Katrina, a blonde who looked like a starlet, drove up in a black Jeep Grand Cherokee and asked, “Who messed with my sister?” Deanna stepped forward. Minutes later, while dozens of kids were cheering, “Fight! You can take her!” Katrina stabbed Deanna in the heart with a knife that was one inch wide and at least five inches long. Deanna’s friends put her in a car and rushed to Santa Monica Hospital where at 12:15 a.m., she was pronounced dead. The following day, police picked up Katrina but she had seizures in jail and died from an overdose of Pamelor, an anti-depressant.
The tragedy opened a rift in the community about who was at fault: parents who failed to set limits, kids who were over-indulged and had easy access to drugs and alcohol, or our entire violence-addicted culture. The questions are still being fought in the courts and reflect a crisis that is playing out across the country, in small towns as well as cities. Juvenile crimes are rising–notably among girls–and people who used to worry about getting their kids into a good college now worry about getting them through high school alive.

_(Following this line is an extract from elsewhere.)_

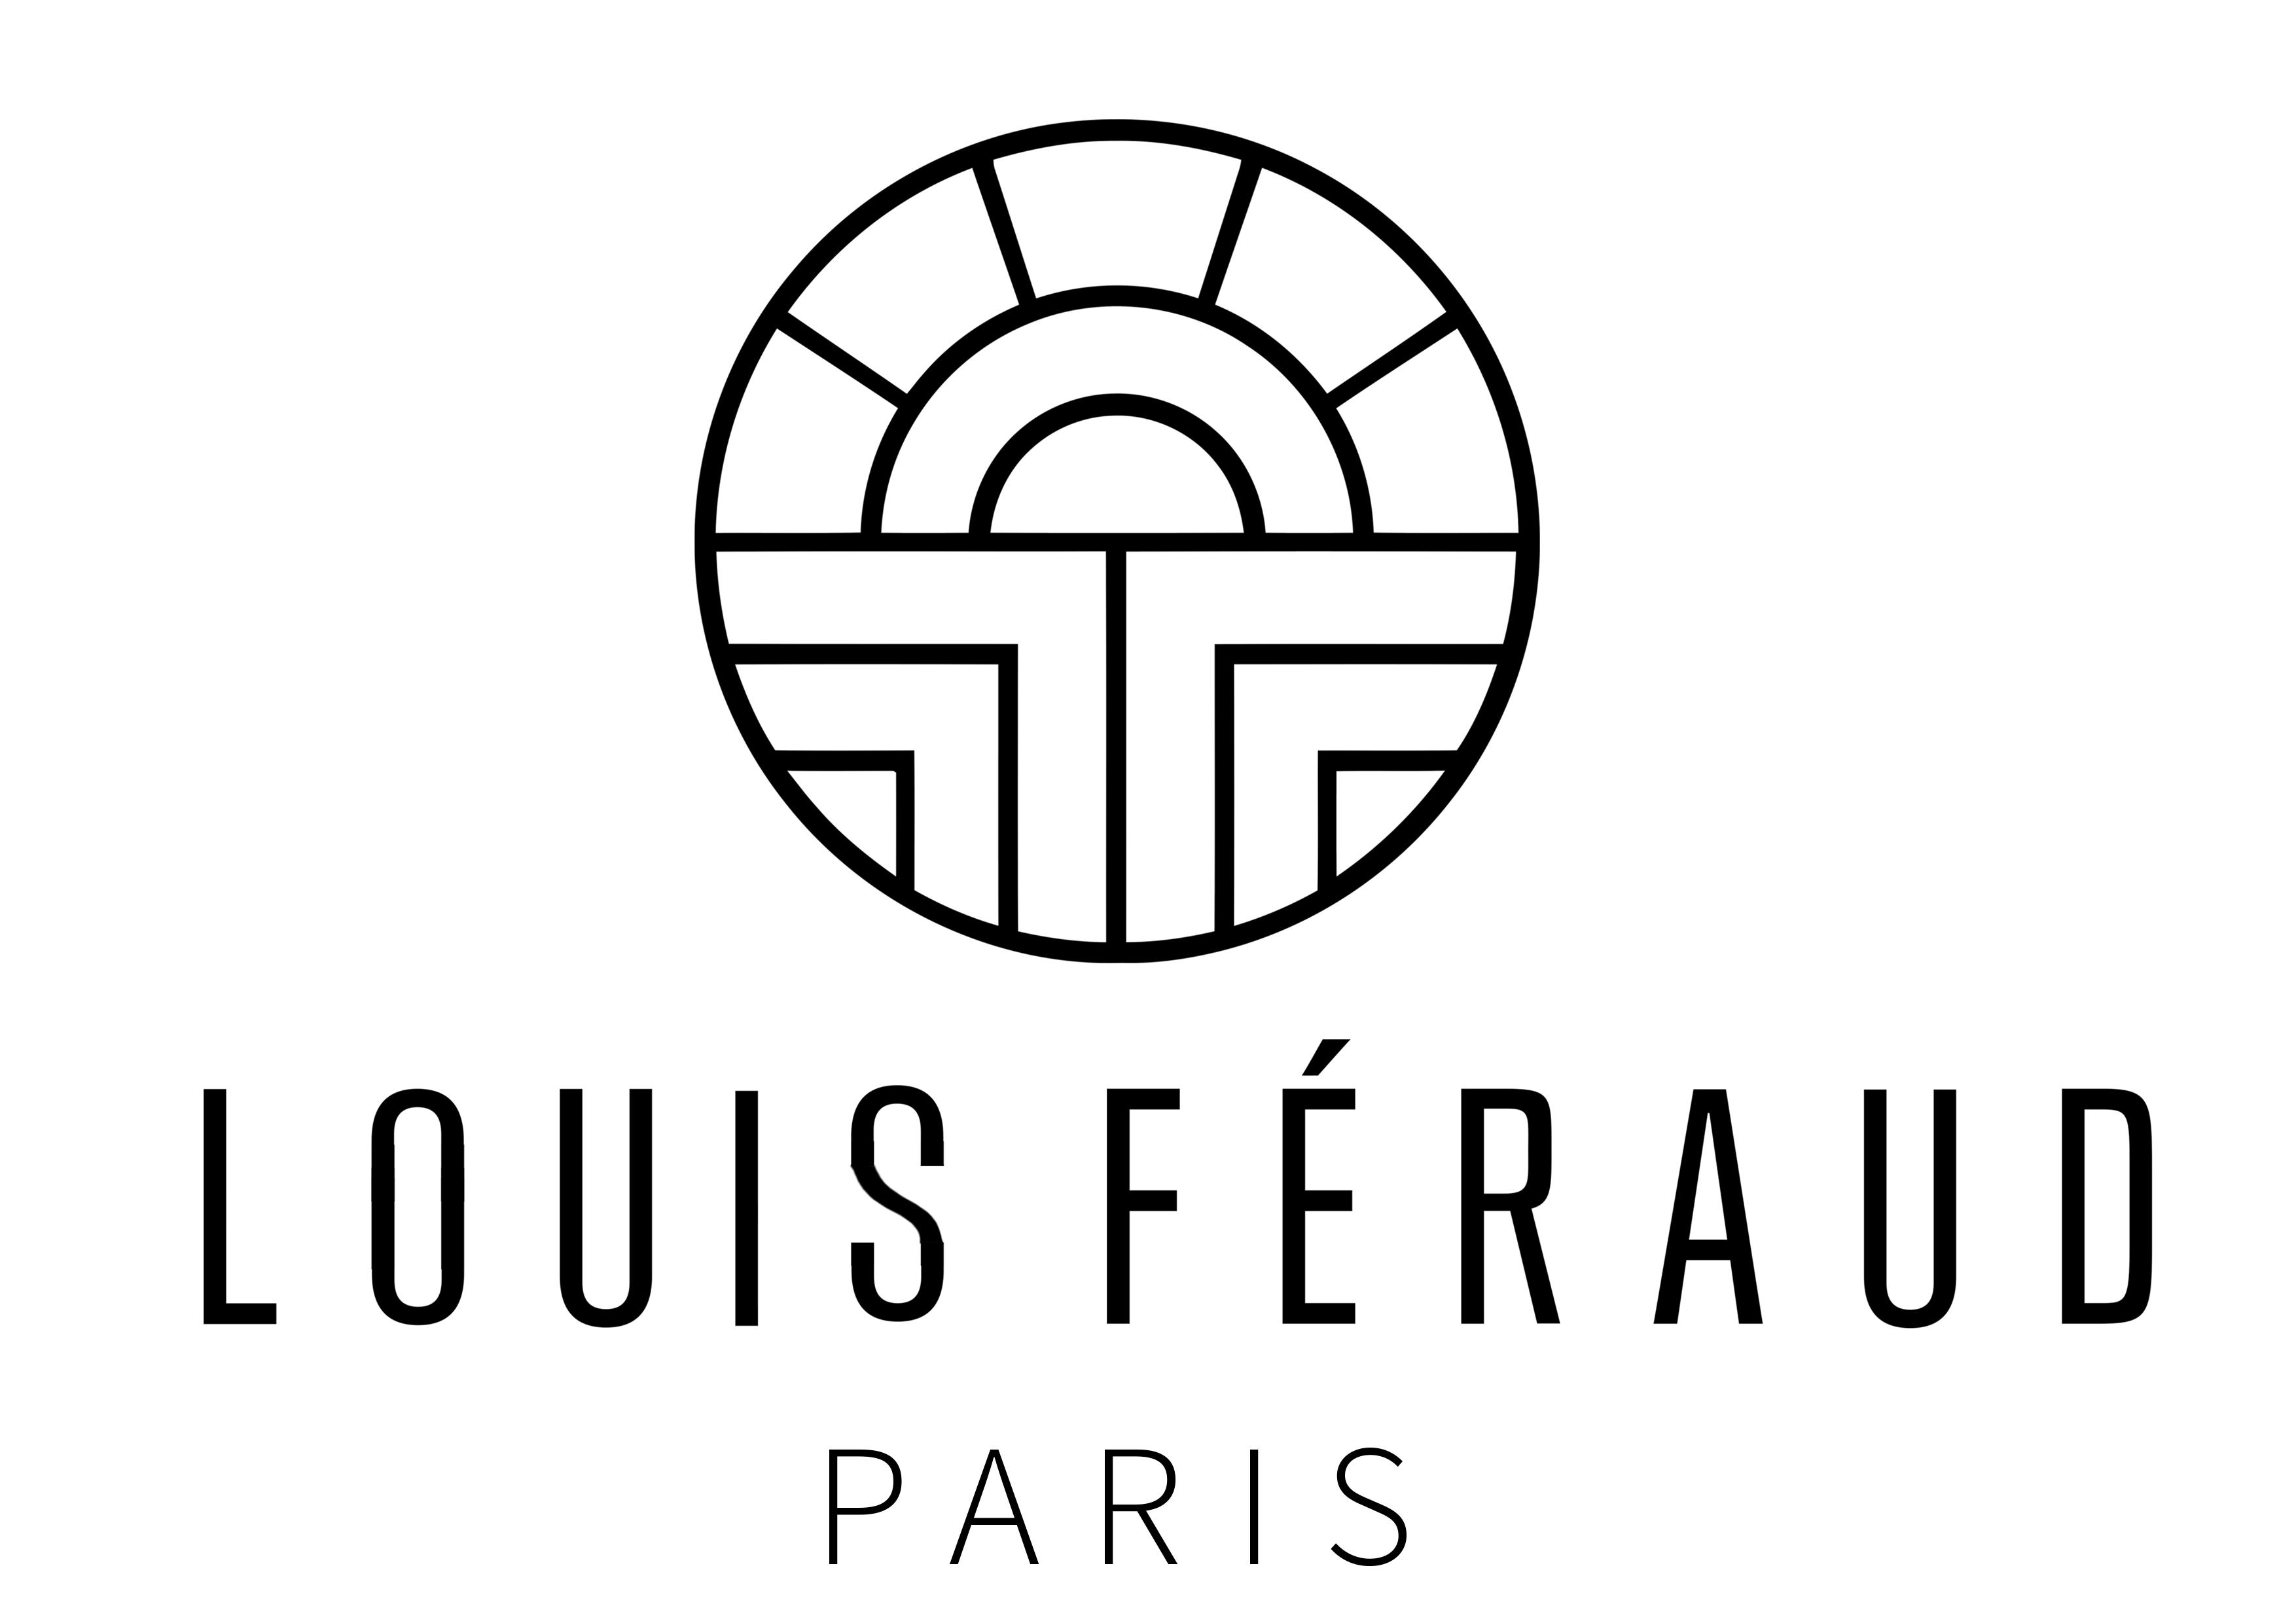 لويس فيرود Louis Feraud

When I learned about the murder I, like many other parents in the community, was struck with dread: “This could happen to us.” Parents are still trying to come to terms with the fact that these were girls fighting, that girls and boys cheered on the fight and in a reversal of expectation, a white girl from a privileged home killed an unarmed daughter of immigrants. Why did no one try to stop the fight? When Deanna lay bleeding, why did no one call a parent for help or dial 911? As one mother said, “This was our September 11. The shock that our kids are not safe.”